__WHAT THE EXERCISE ASKS__:
Extract the full listing verbatim and drop any pictures from your copy.

__INFORMATION SUPPLIED__:
☆ ☆ ☆ ☆

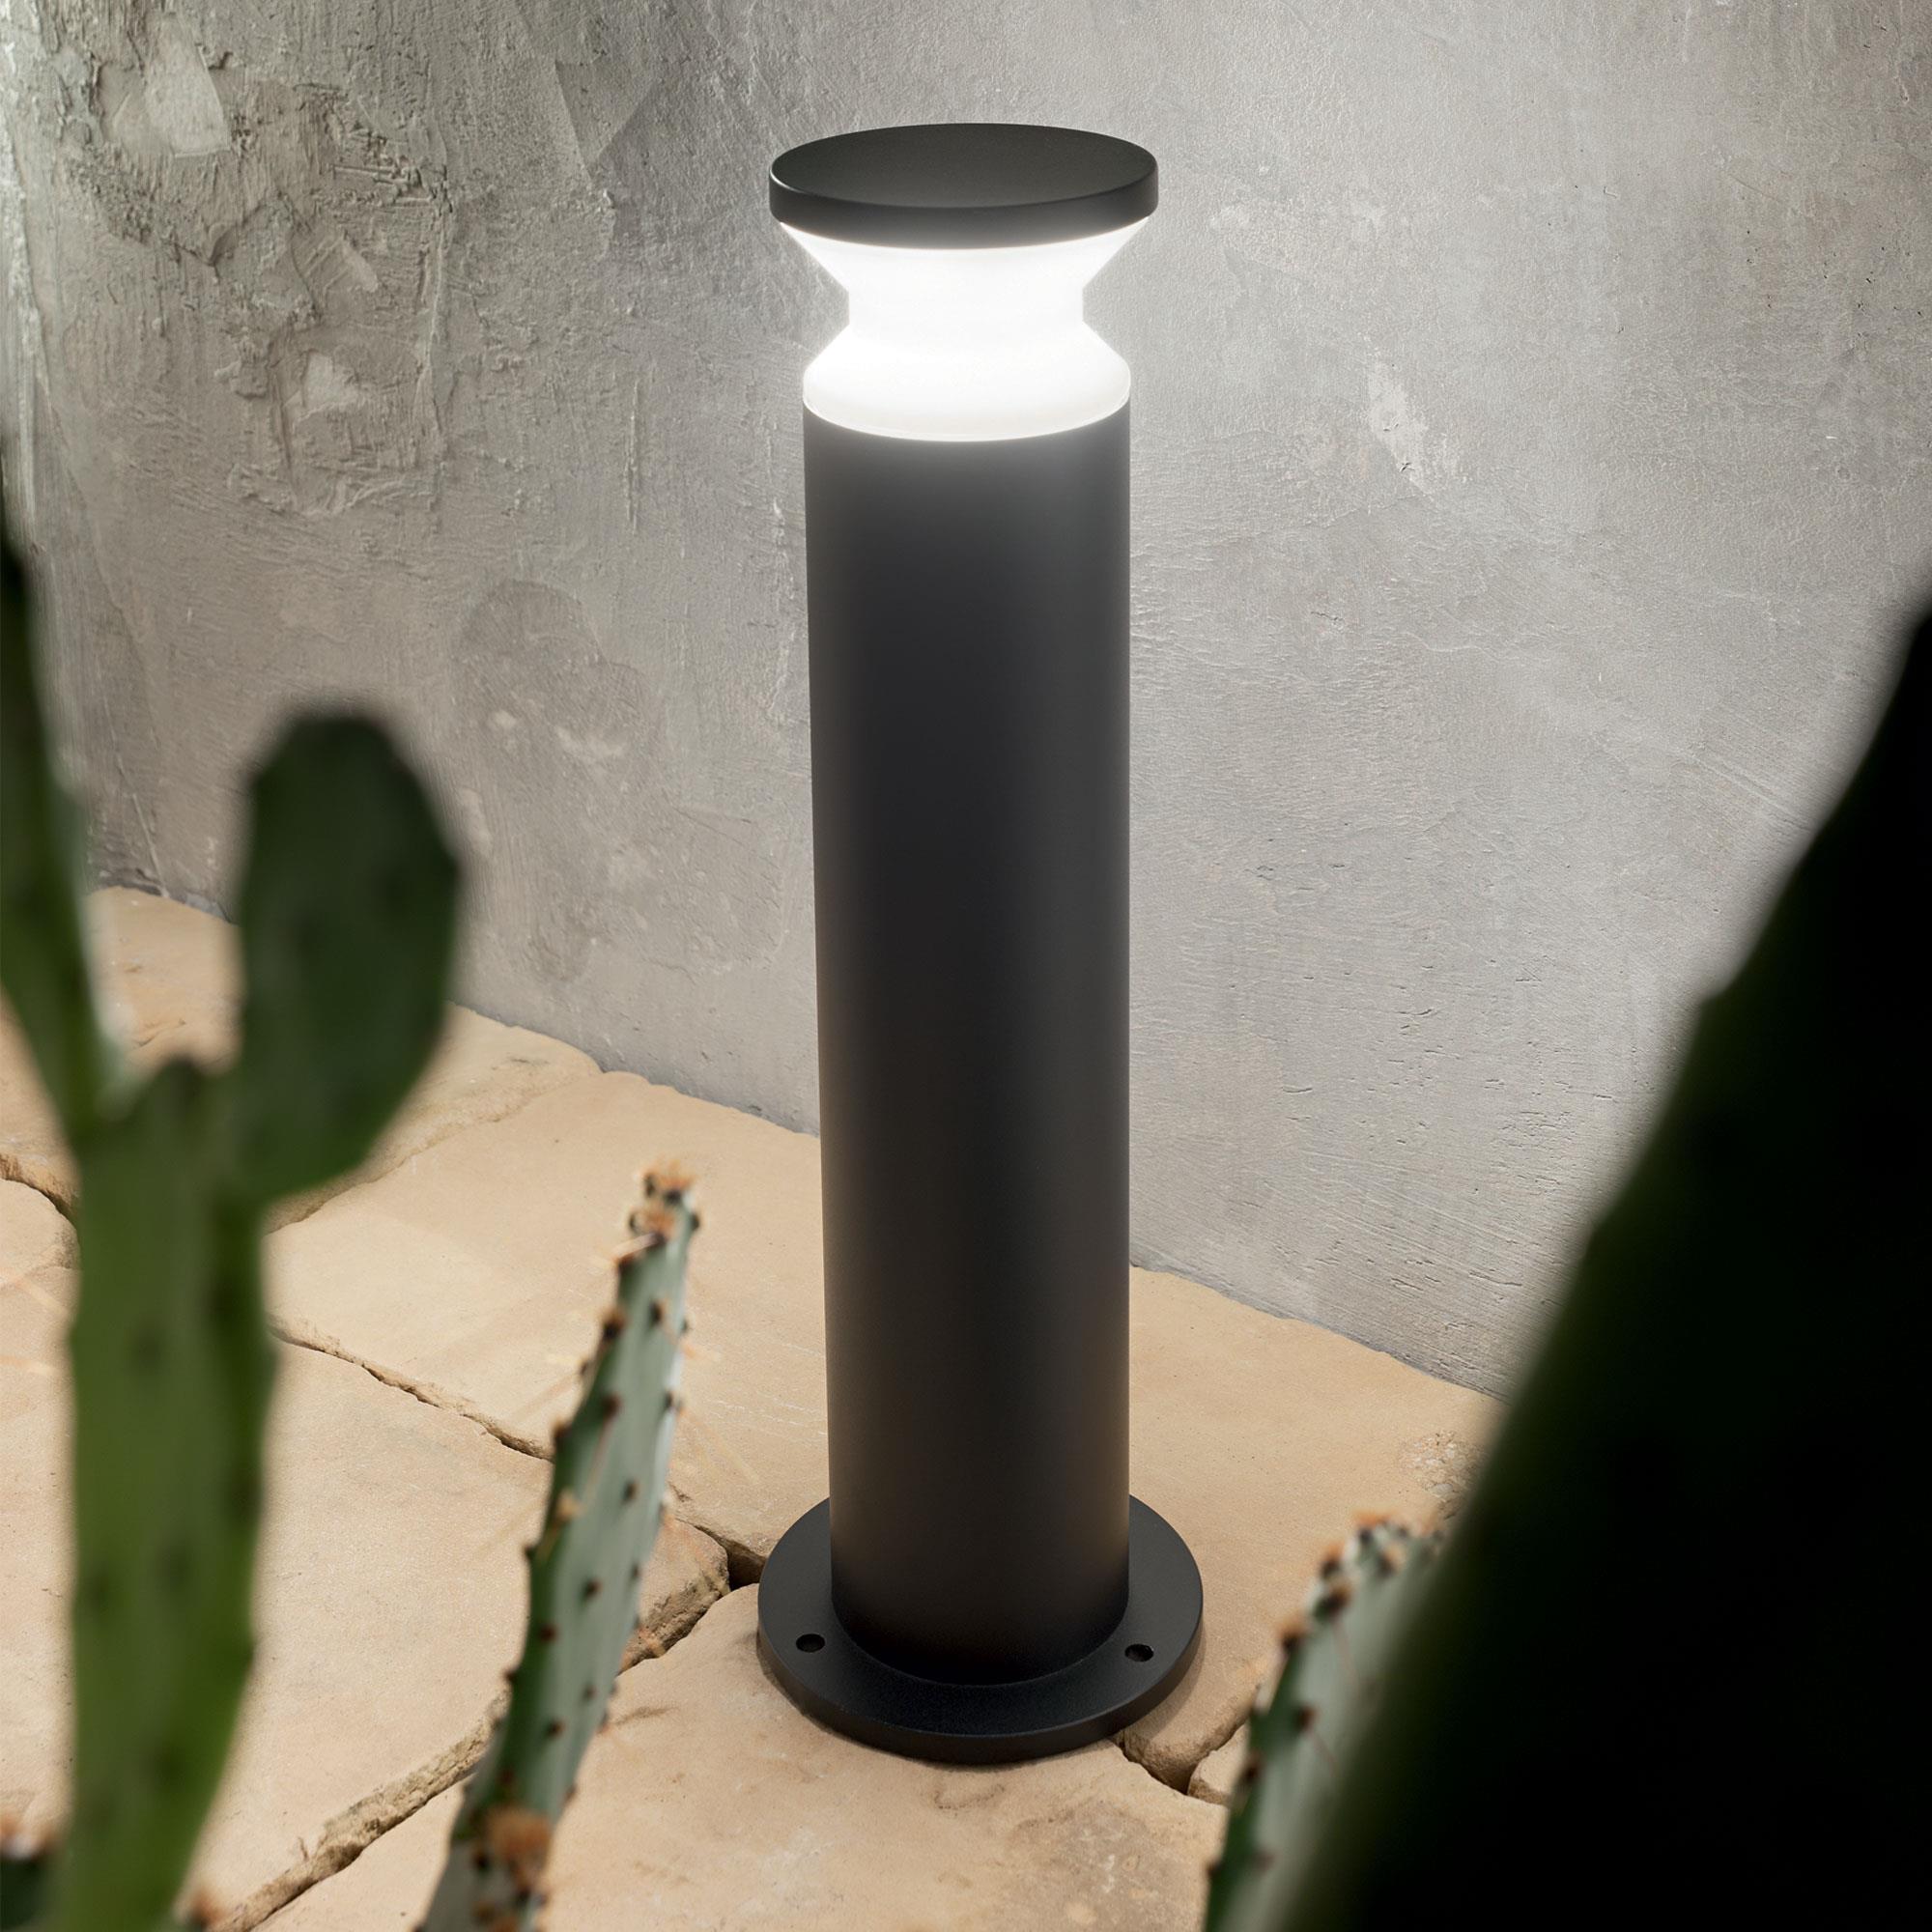 Ideal Lux 186955 TORRE PT1 BIG NERO kültéri állólámpa
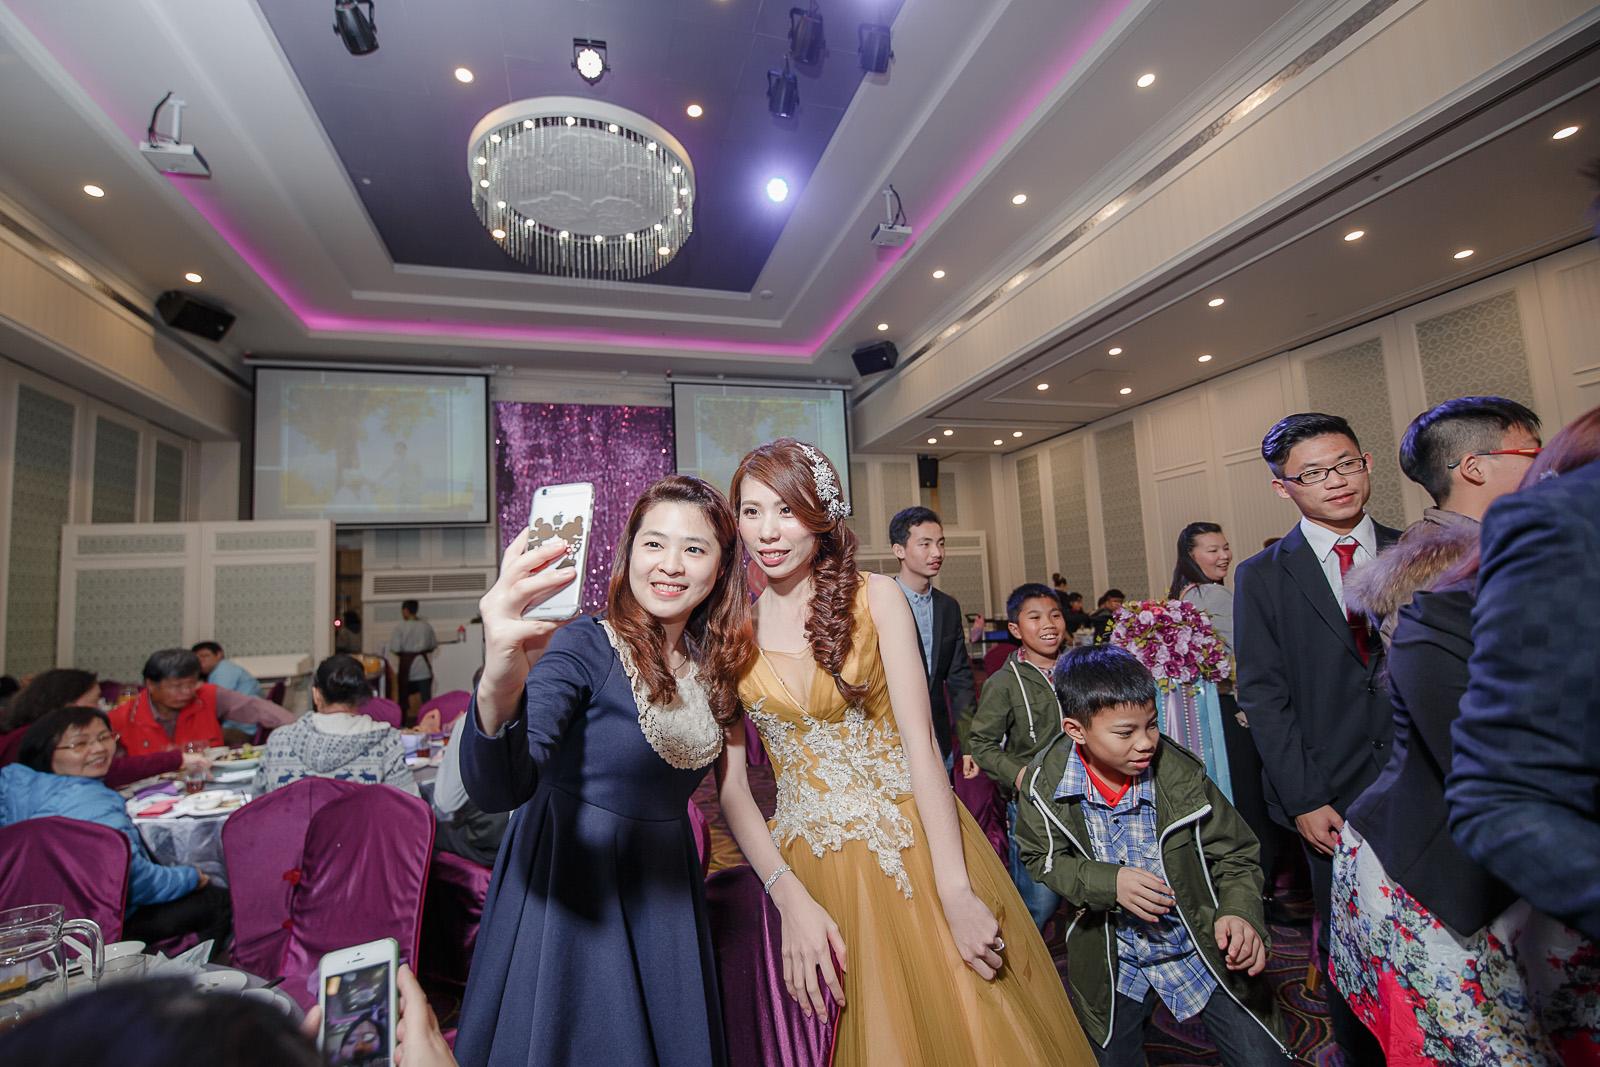 高雄圓山飯店,婚禮攝影,婚攝,高雄婚攝,優質婚攝推薦,Jen&Ethan-322
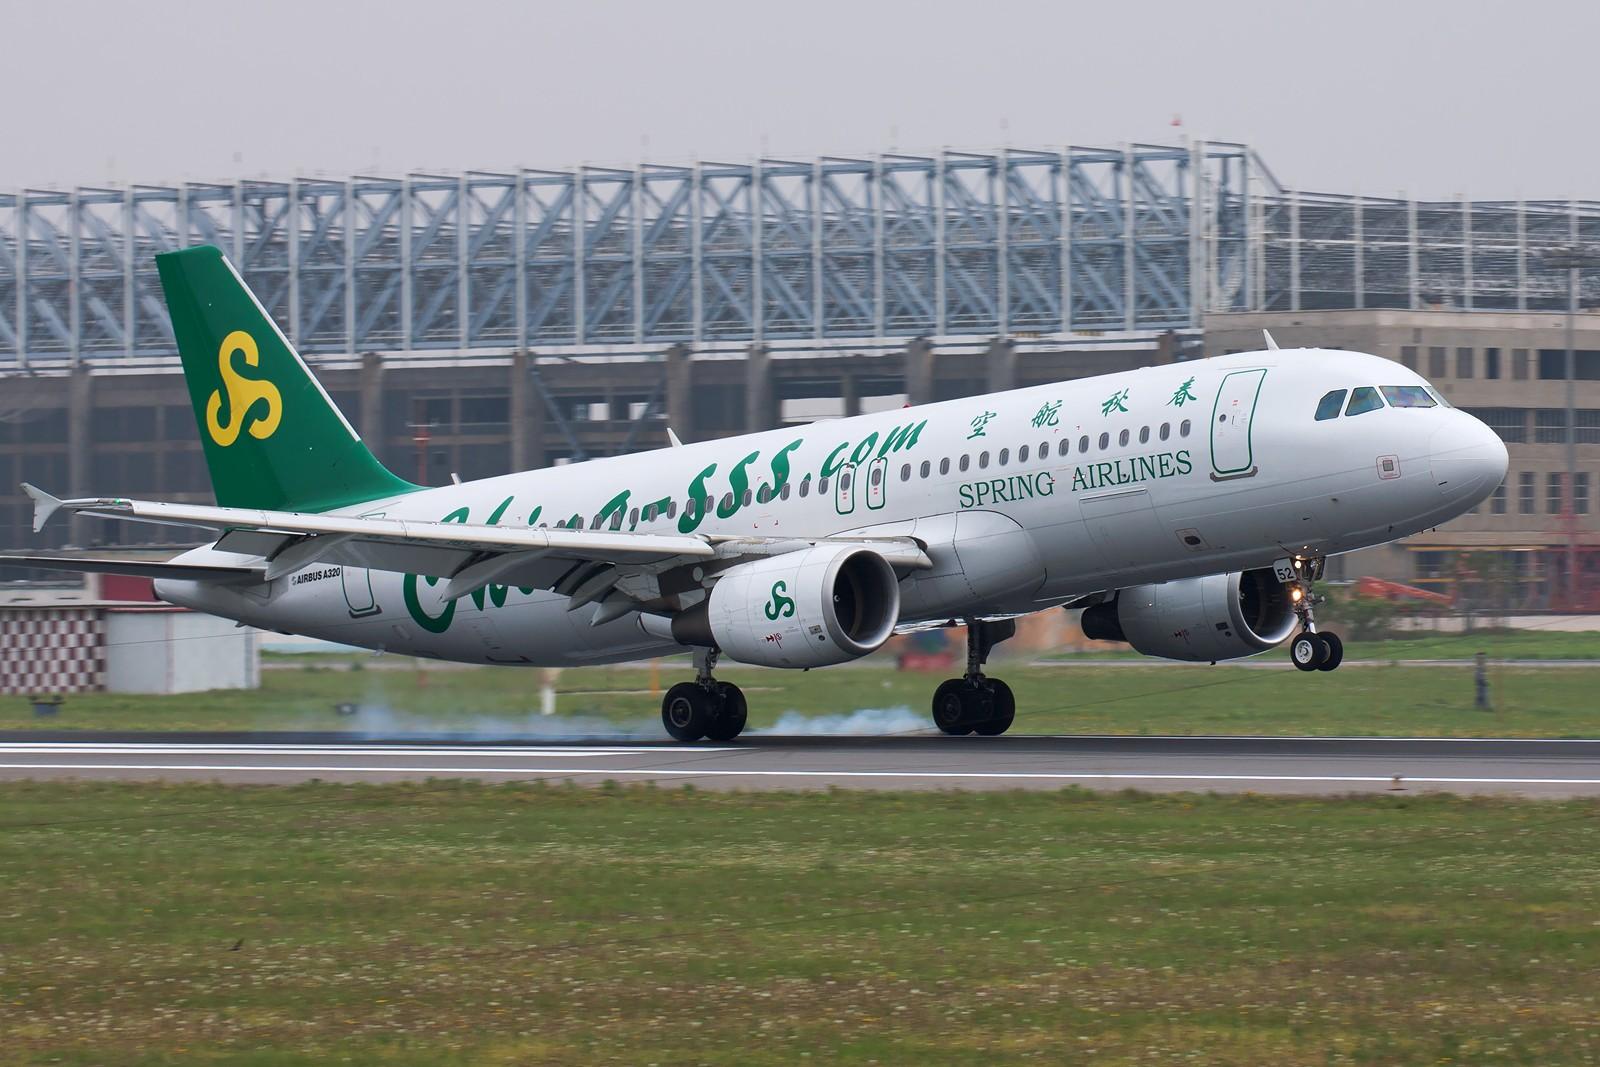 Re:[原创]周末SHE拍机组图【20P】 AIRBUS A320-214 B-6852 中国沈阳桃仙机场

☆ ☆ ☆ ☆

__RESPONSE__:
 Ideal Lux 186955 TORRE PT1 BIG NERO kültéri állólámpa
 高雄圓山飯店,婚禮攝影,婚攝,高雄婚攝,優質婚攝推薦,Jen&Ethan-322
 Re:[原创]周末SHE拍机组图【20P】 AIRBUS A320-214 B-6852 中国沈阳桃仙机场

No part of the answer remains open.